Stored data »
* * *

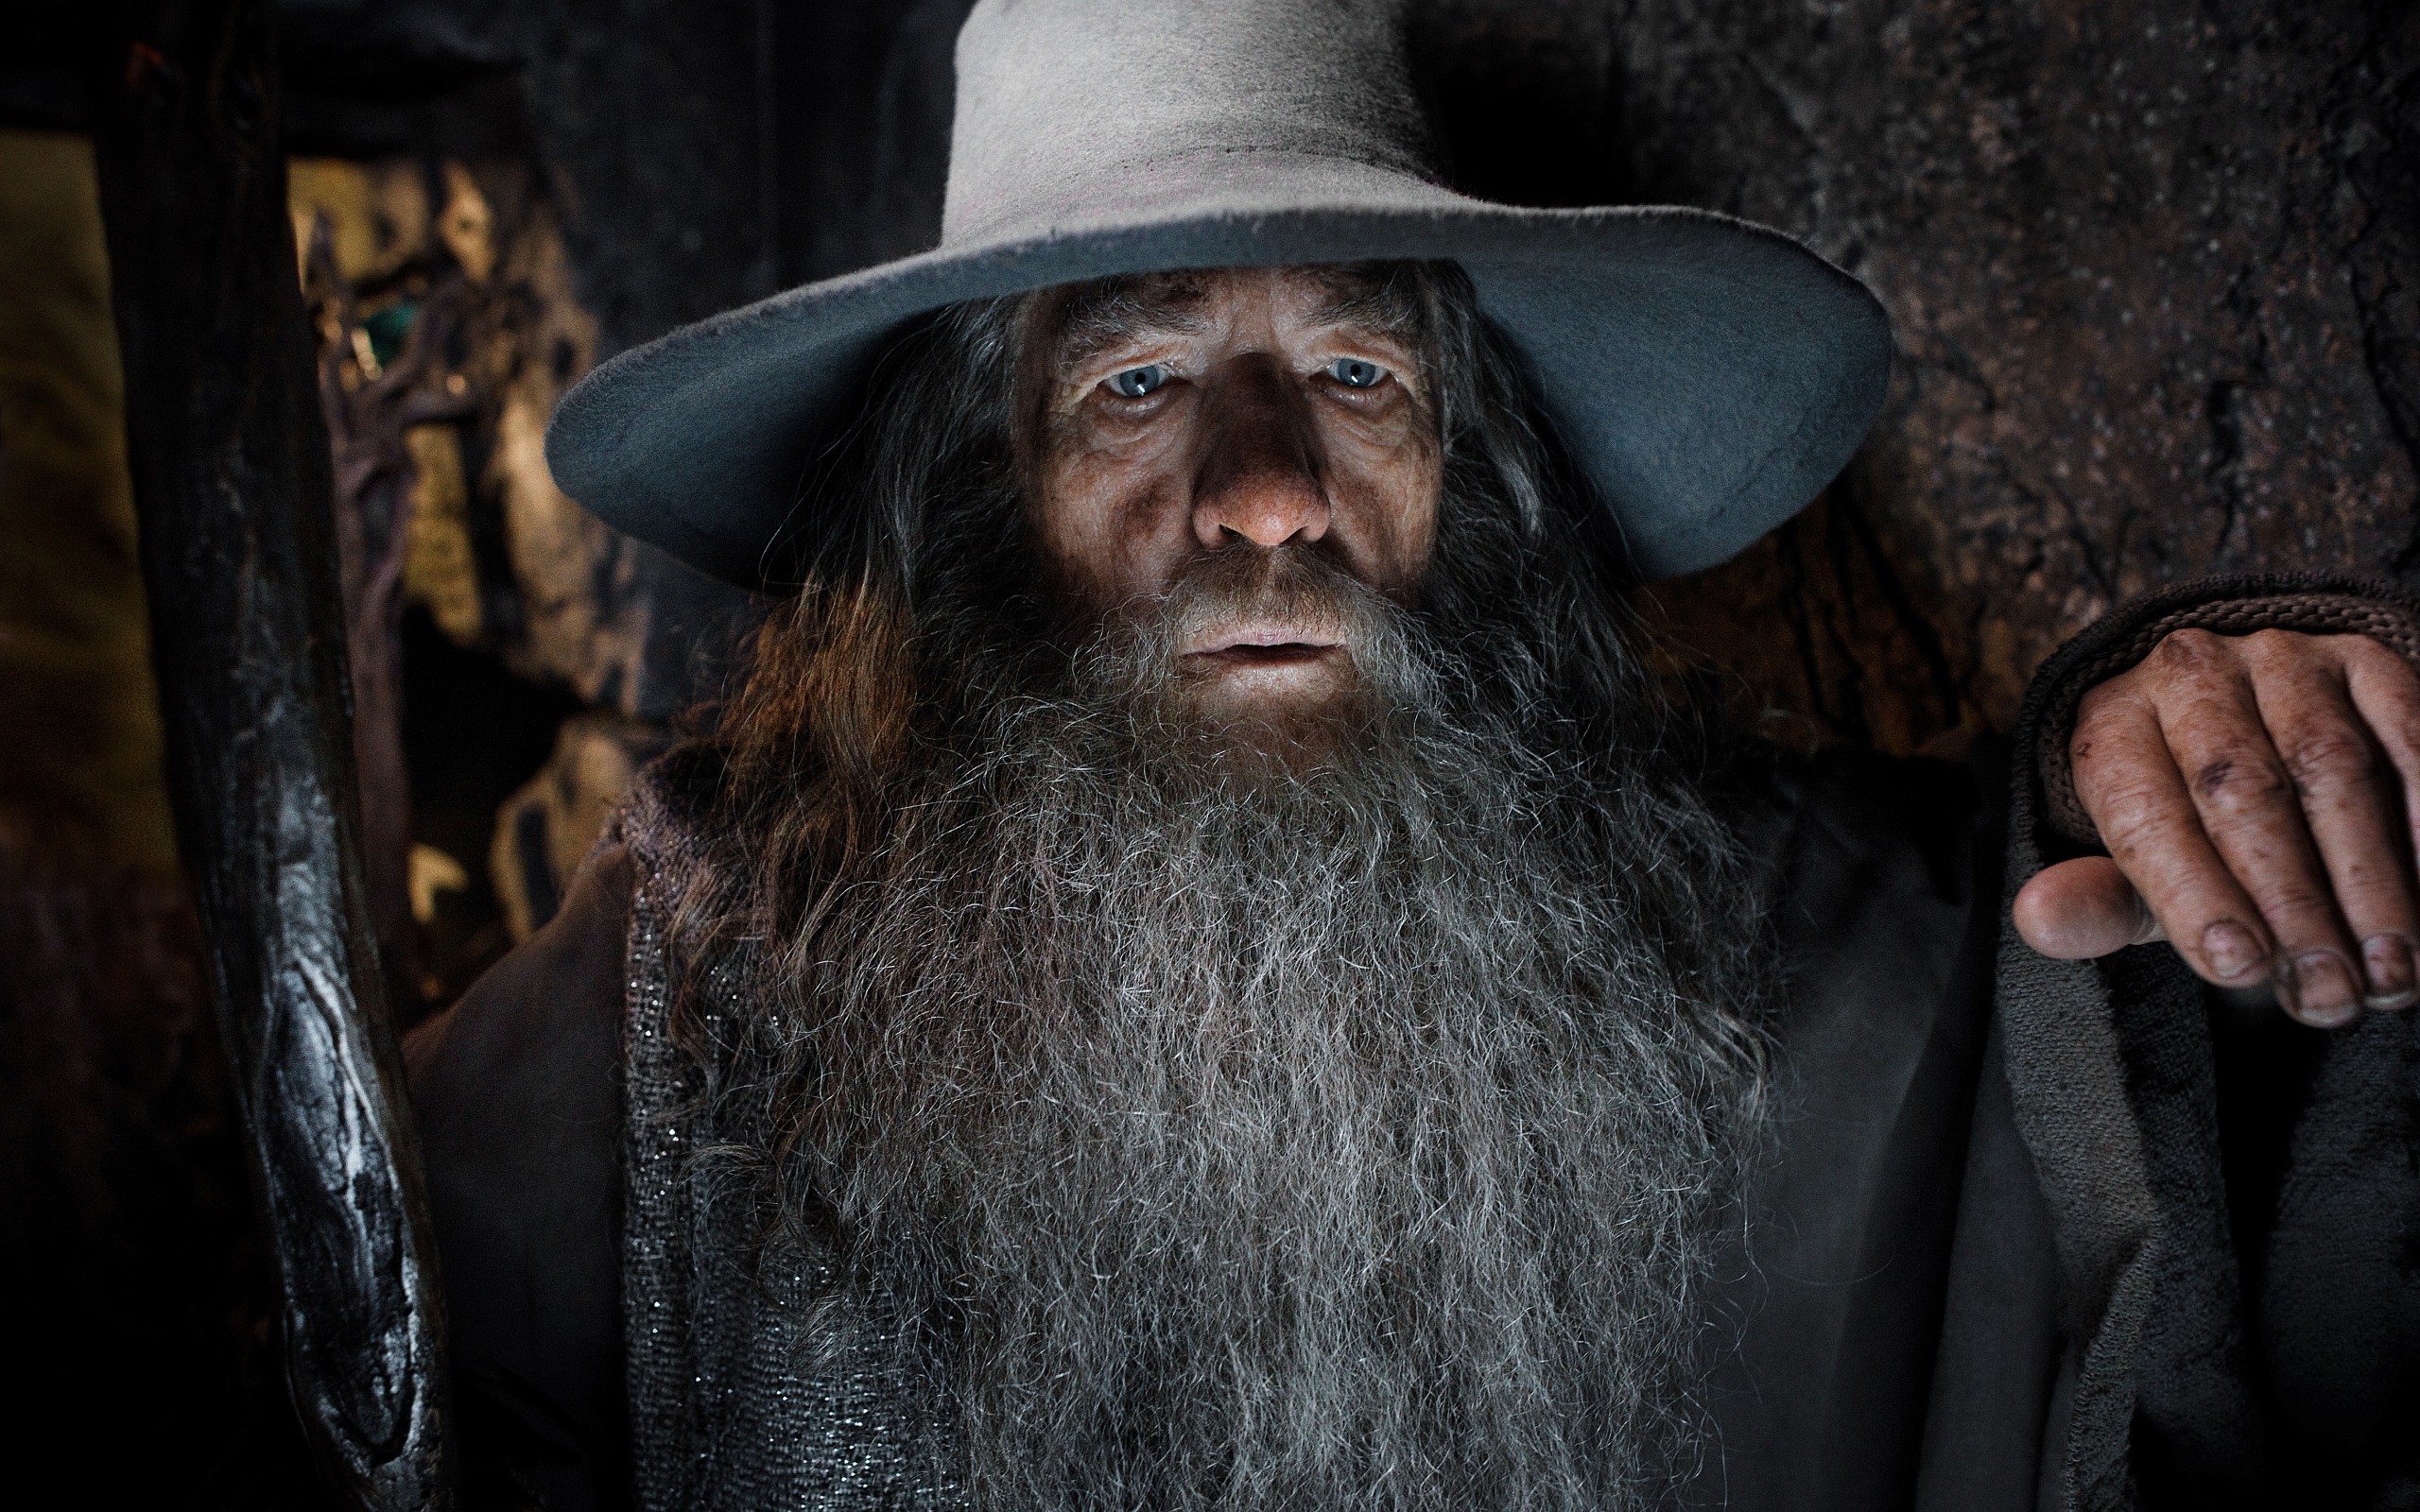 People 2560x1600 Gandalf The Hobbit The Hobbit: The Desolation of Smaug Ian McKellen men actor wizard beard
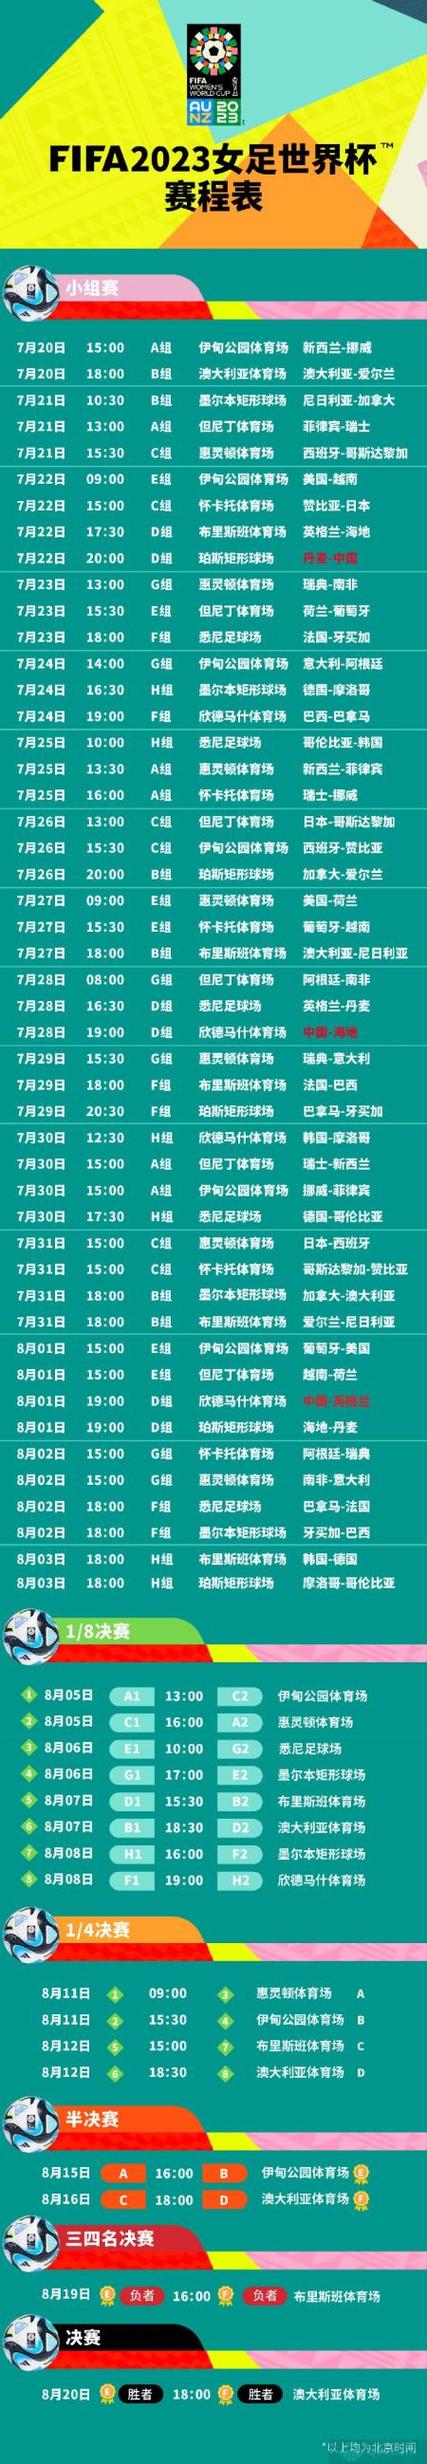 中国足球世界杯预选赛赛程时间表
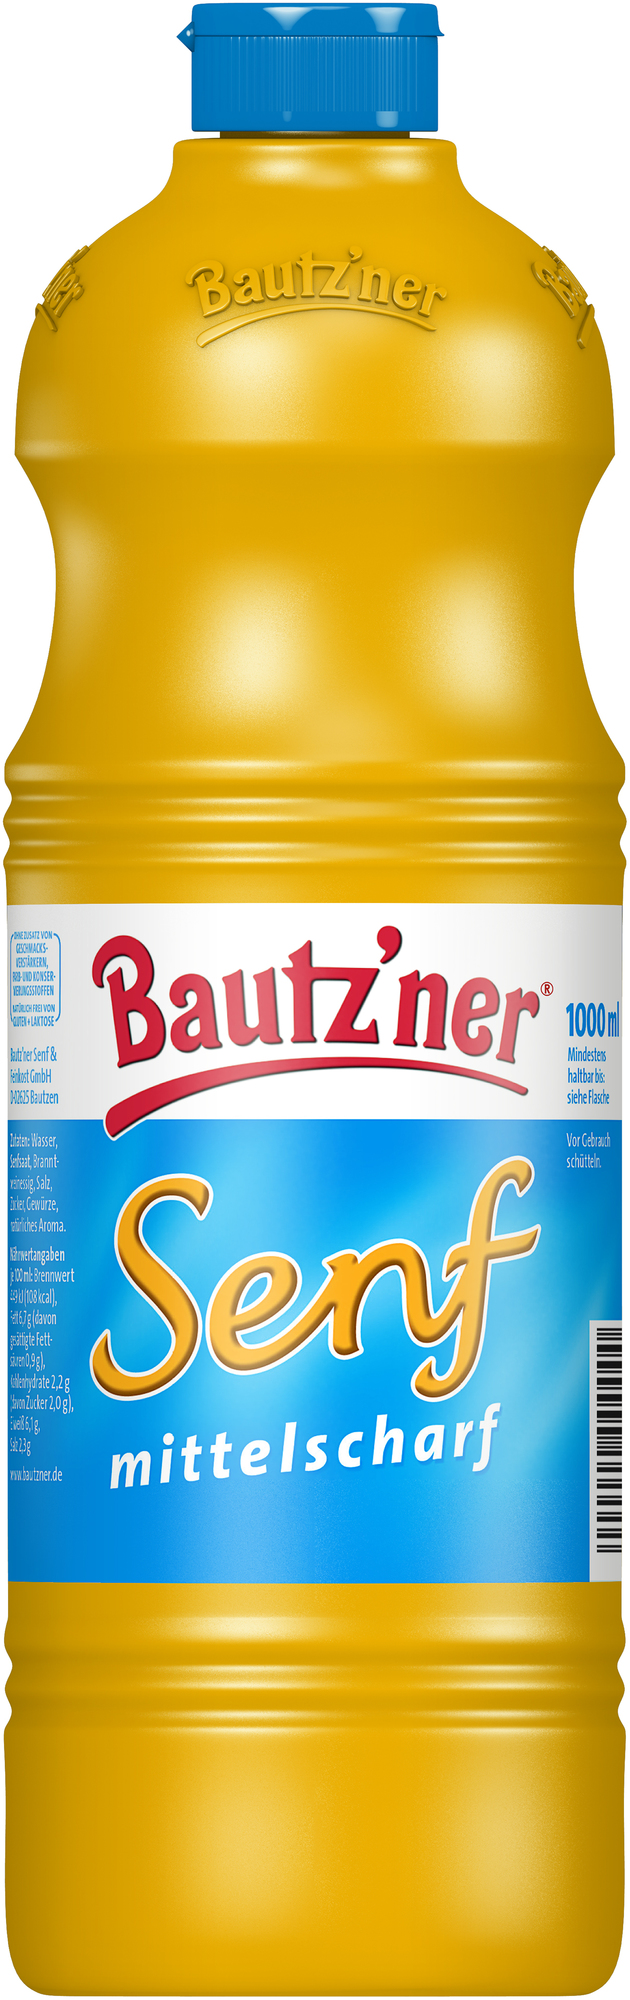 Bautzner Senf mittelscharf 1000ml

* * *

With the pictures left out, give again exactly the lines from the one that contains "中国足球世界杯预选赛赛程时间表" through the final line of the data above.

 中国足球世界杯预选赛赛程时间表
 Bautzner Senf mittelscharf 1000ml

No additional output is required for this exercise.